De nombreux Maliens vivent dans le dénuement le plus complet –
il est plutôt question de survie – à peu près
autant qu’en Bolivie. 10 % des habitants sont des nomades, principalement
des Touaregs au nord du pays.
Le taux de mortalité infantile au Mali est de plus de 100 sur 1000
naissances effectives. Le taux d’alphabétisation adulte est
en-dessous de 50 pour cent.
Mais quiconque se promène sur le Pont des Martyrs reliant les rives
nord et le sud du Niger sera frappé par l’activité bouillonnante
tant de la population que de la circulation. La plupart des habitants semblent
bien s’y porter, la densité du parc de mobylettes et vieilles
voitures étant comparable à ce que l’on constate dans
n’importe quelle ville moderne. Poursuivez à travers le marché,
d’une longueur de plusieurs pâtés de maisons, en direction
de la grande mosquée : la plupart des gens marchent le long des étroites
rues bondées de la capitale, les femmes vêtues des plus belles
couleurs, et les hommes souvent grands. Tout le monde est occupé
à vendre ou acheter quelque chose dans ces rues, surtout des produits
manufacturés bon marché du monde entier.
Le Mali avait un gouvernement progressiste quand il obtint son indépendance
de l’Empire français en 1960, mais depuis, tout comme la plupart
des états d’Afrique francophone, il s’est laissé
attirer par le néo-colonialisme français. La monnaie du Mali
, le franc CFA, est liée à l’euro, tout comme celle
des Bahamas ou de l’Equateur est indexée sur le dollar. Les
seuls emplois réels sont à rechercher dans l’administration,
le chemin de fer, en voie de privatisation, ou les mines d’or, mais
80 % des gens vivent de la terre et les prix du coton sont si bas sur le
marché mondial que l’agrobusiness impérialiste élimine
peu à peu les producteurs locaux.
L’AFRIQUE AU CENTRE DES PREOCCUPATIONS
Les organisateurs
du Forum Social Mondial avaient choisi cette ville pour accueillir la session
Afrique de son édition 2006 du 19 au 23 janvier. Les militants maliens
ont organisé, malgré la modicité des infrastructures
existantes, un ensemble de 600 réunions qui se sont déroulées
à la période convenue dans les universités, les palais
des congrès, les musées et les salles de conférence de
Bamako. Selon les intrépides organisateurs, dont l’ancienne ministre
de la culture Aminata Traore, quelque 15-20.000 personnes, la plupart d’Afrique
francophone, dont de nombreux agriculteurs villageois, ont participé
au FSM de Bamako.
Pour la première fois en cinq ans d’existence du FSM, les questions
africaines étaient au centre des préoccupations. Selon l’organisateur
malien Mamadou Goita, « il y avait plus de 300 personnes des zones rurales
du Mali, et 8000 étaient venues des pays voisins. Tous ont participé
au forum et enrichi les débats, ceci n’était jamais arrivé
auparavant. »
Lors de la première manifestation du 19 janvier, des milliers de personnes
ont défilé dans les rues de Bamako jusqu’au Stade National,
exigeant un commerce mondial plus juste, l’abandon des projets de privatisation
du chemin de fer, la fin des subventions à l’agribusiness impérialiste,
la liberté du Sahara Occidental et l’annulation de la dette.

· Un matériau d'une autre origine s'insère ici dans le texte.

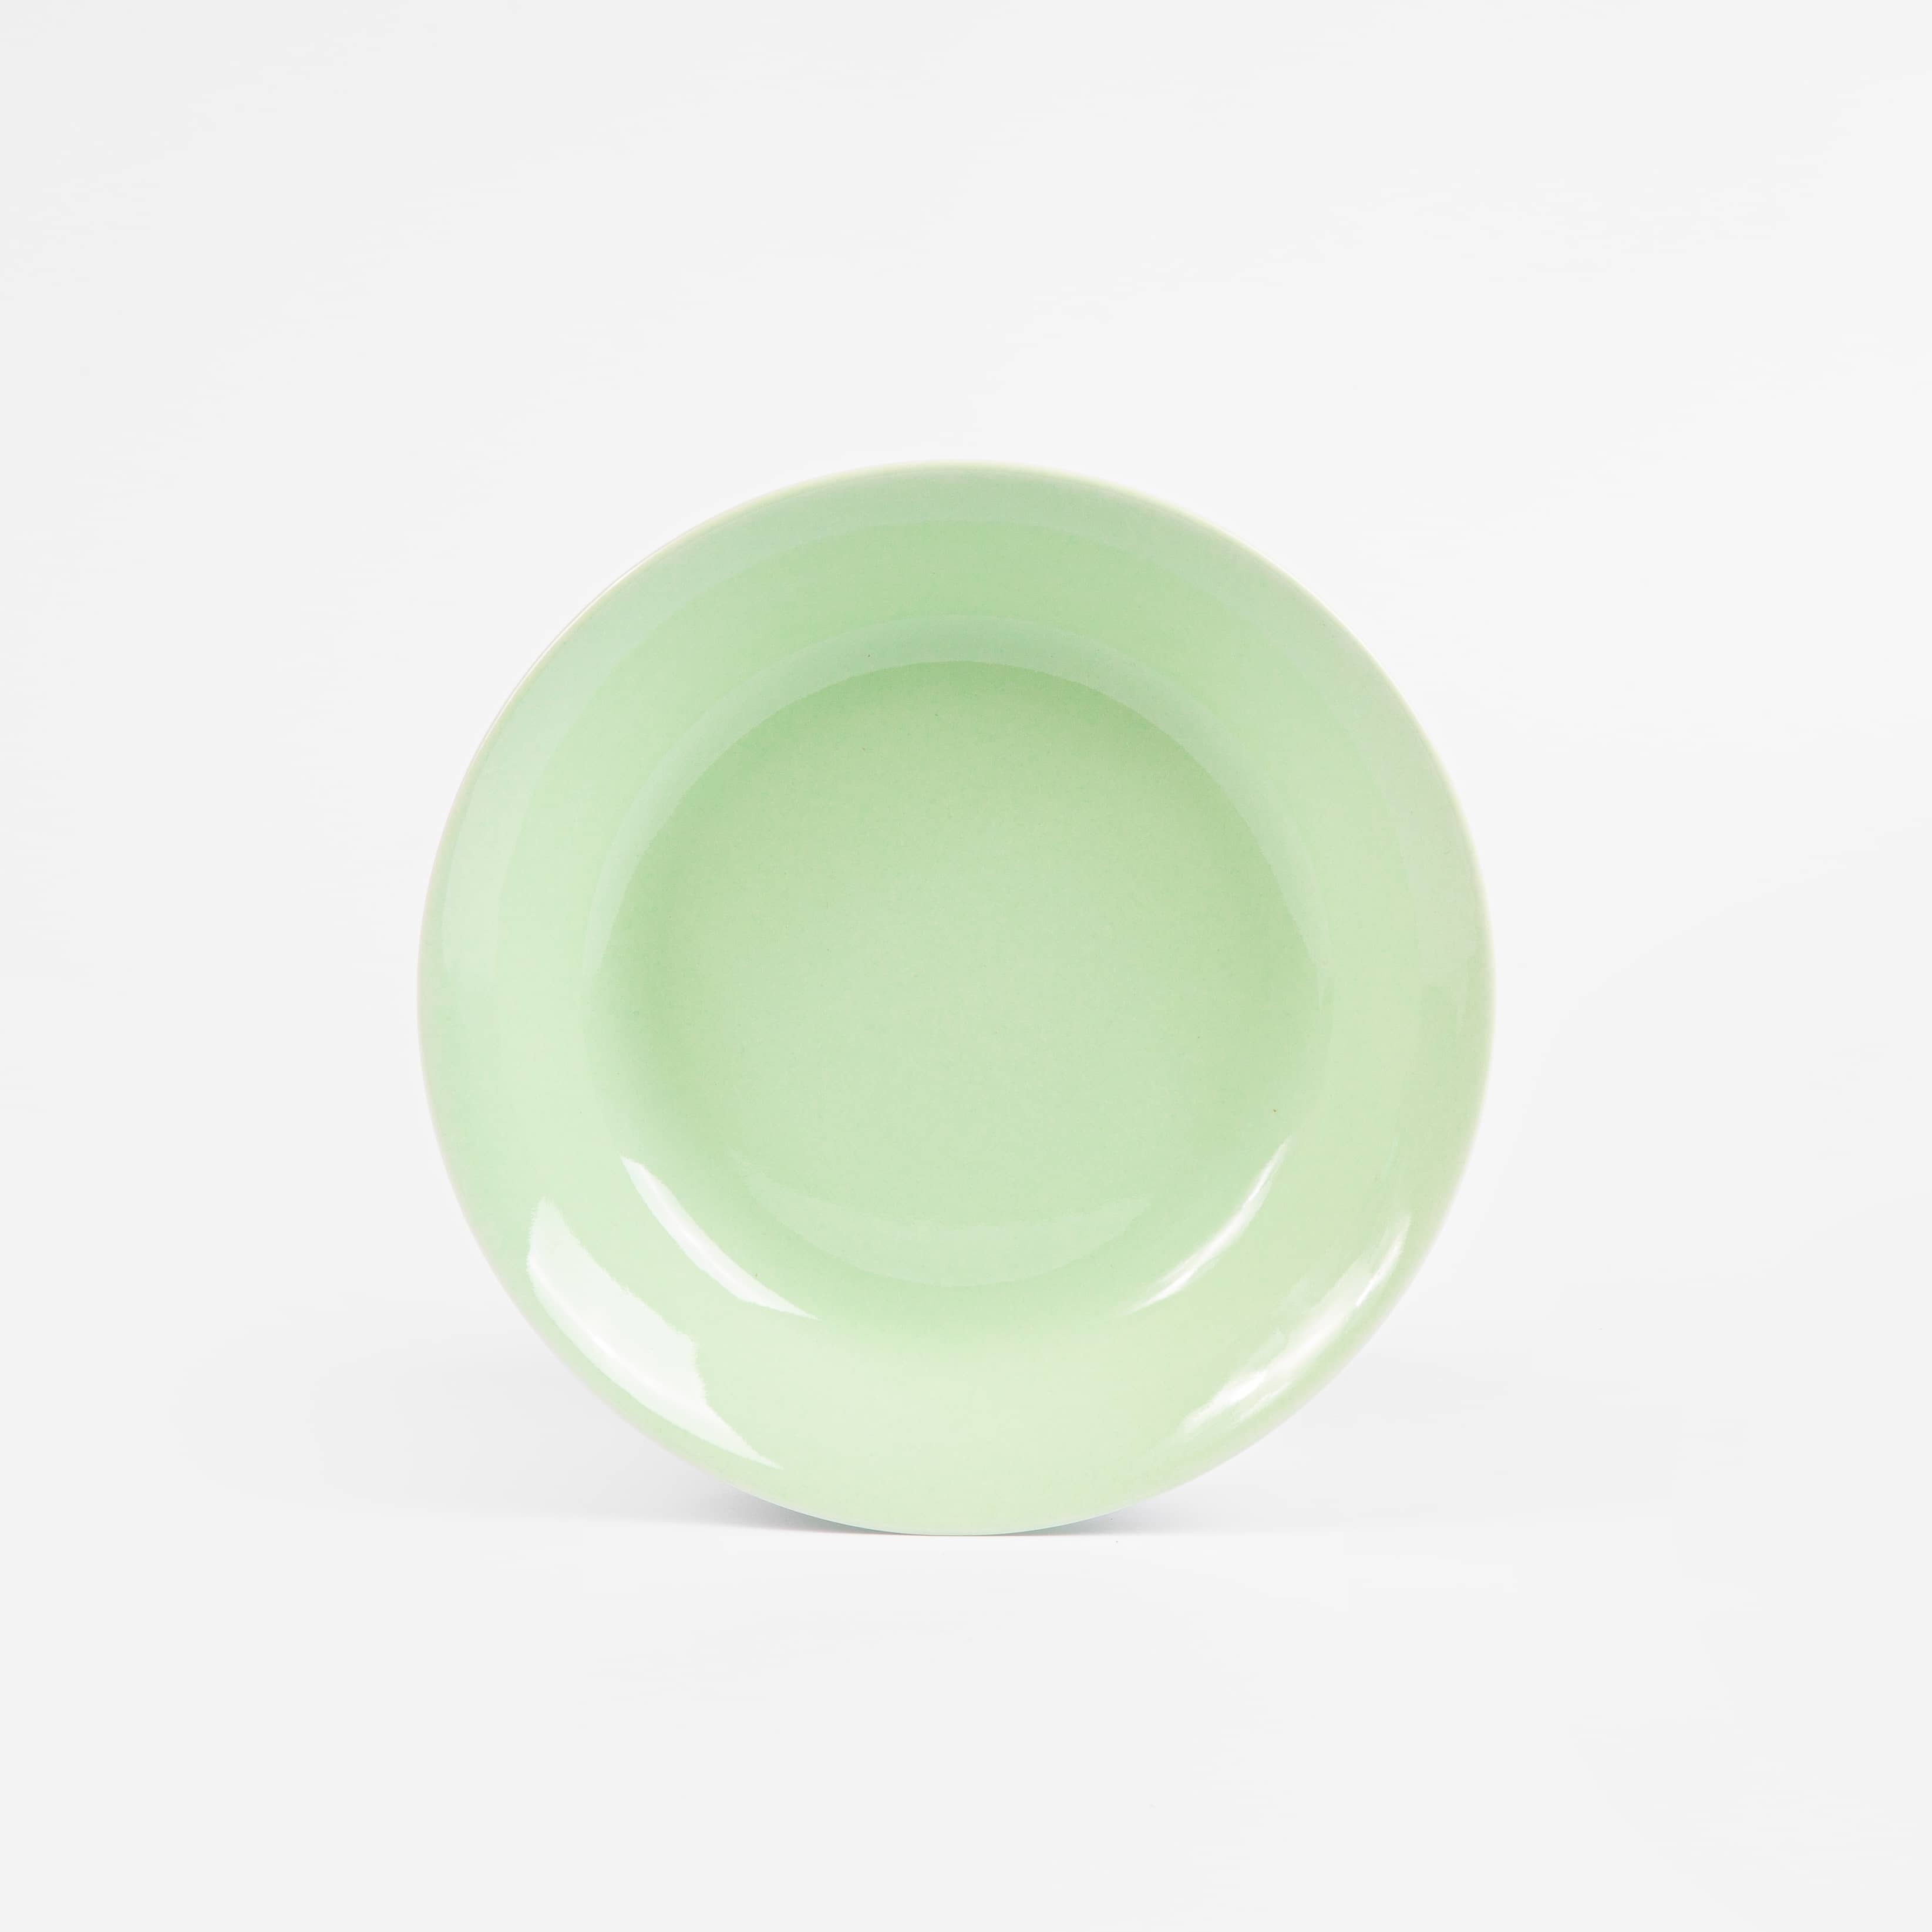 L'assiette creuse ronde en porcelaine - Verte amande - Essentielle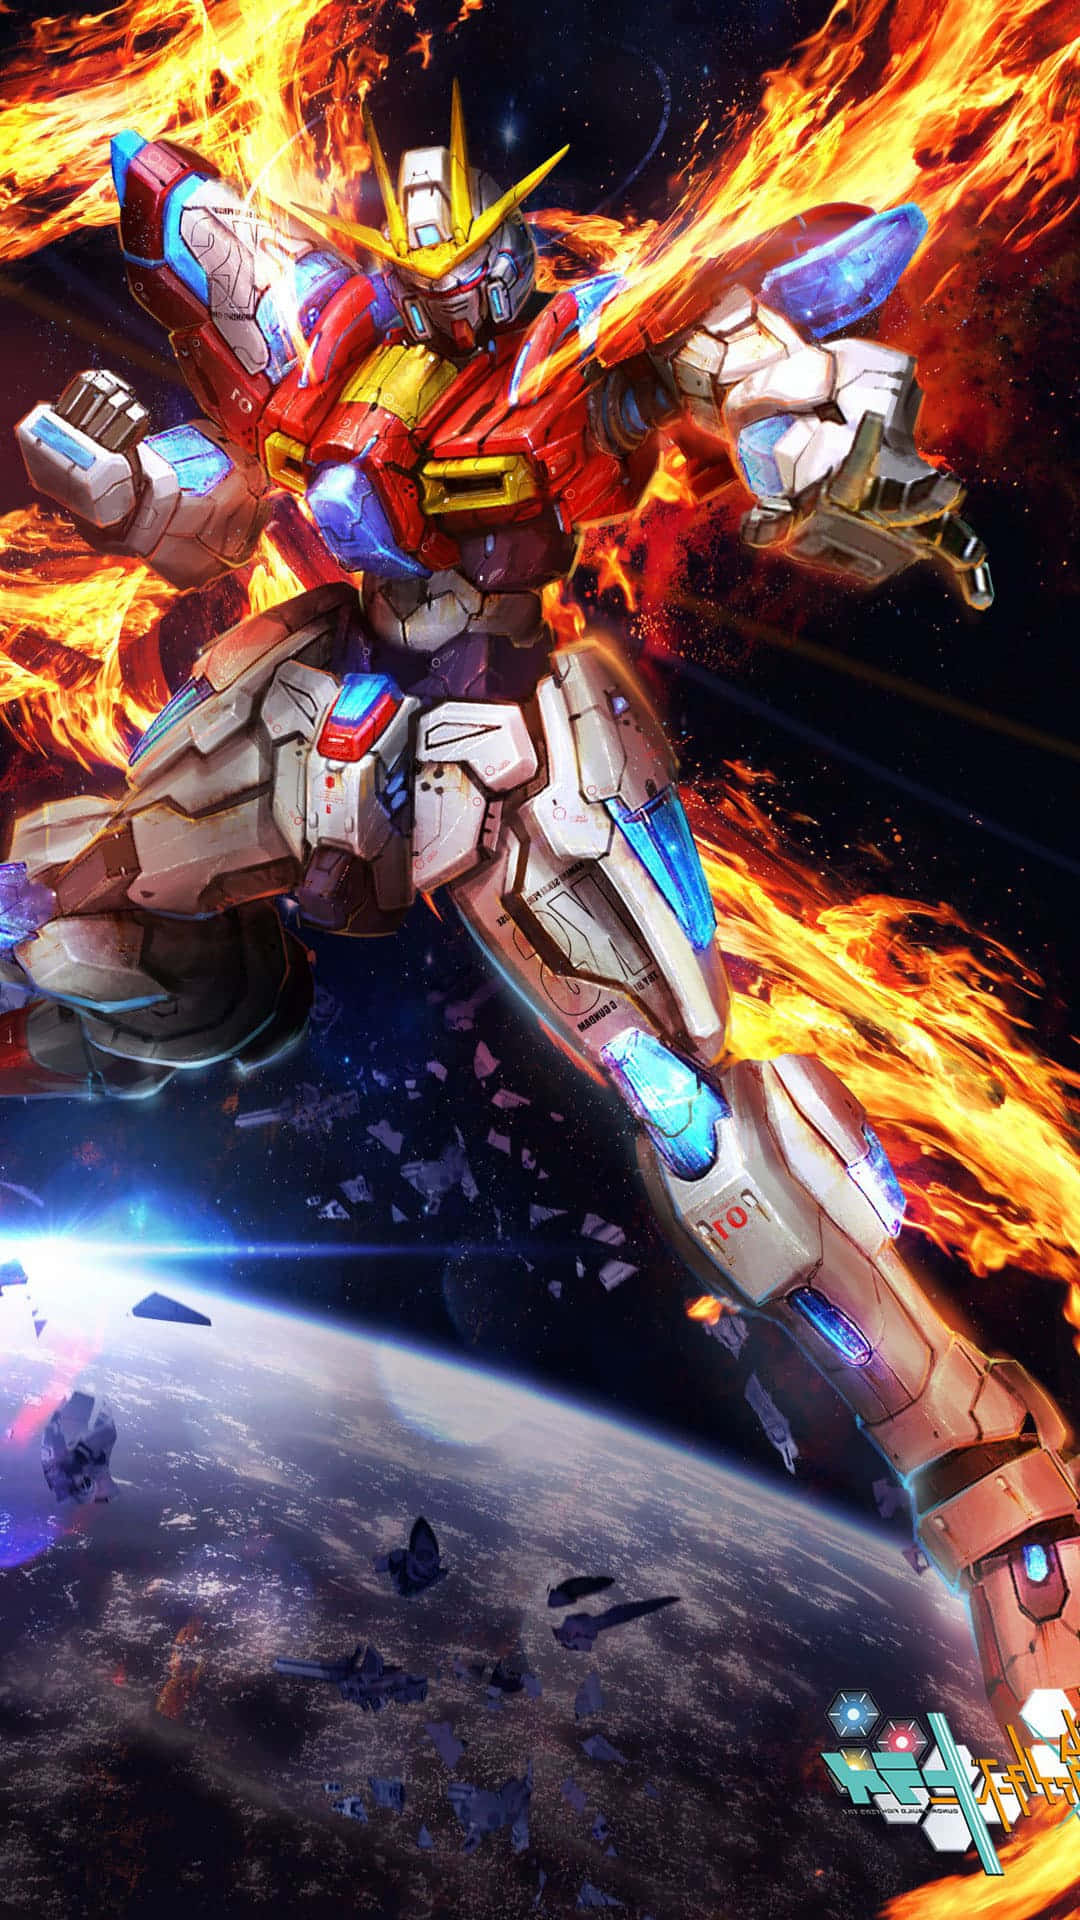 Imagenla Guerra De Los Robots De Batalla: Confrontación De Los Guerreros Gundam.

Pour les Africains, qui pour la première fois pouvaient discuter de
leurs problèmes de tous les jours devant le monde entier, le forum
était l’occasion d’exprimer un certain nombre de revendications
essentielles. Un commerce agricole plus juste, grâce à la fin
des subventions à l’agrobusiness impérialiste, le développement
de l’industrie en Afrique, le meilleur accueil des immigrés en
Europe, la protection de l’environnement dans les pays pauvres, l’annulation
de l’écrasant fardeau de la dette figuraient tous au programme.
Le 23 janvier un groupe d’invités étrangers du Liban,
de Turquie, de Syrie, de Suède, de Belgique et des USA se rendit dans
un restaurant local près de la gare ferroviaire. Alors que nous prenions
congé, quelques jeunes Maliens nous implorèrent de communiquer
au FSM et au monde entier le message suivant : « Tout ce que nous voulons,
c’est du travail. Nous préfererions rester travailler ici. Sinon
nous serons obligé d’aller travailler en Europe. »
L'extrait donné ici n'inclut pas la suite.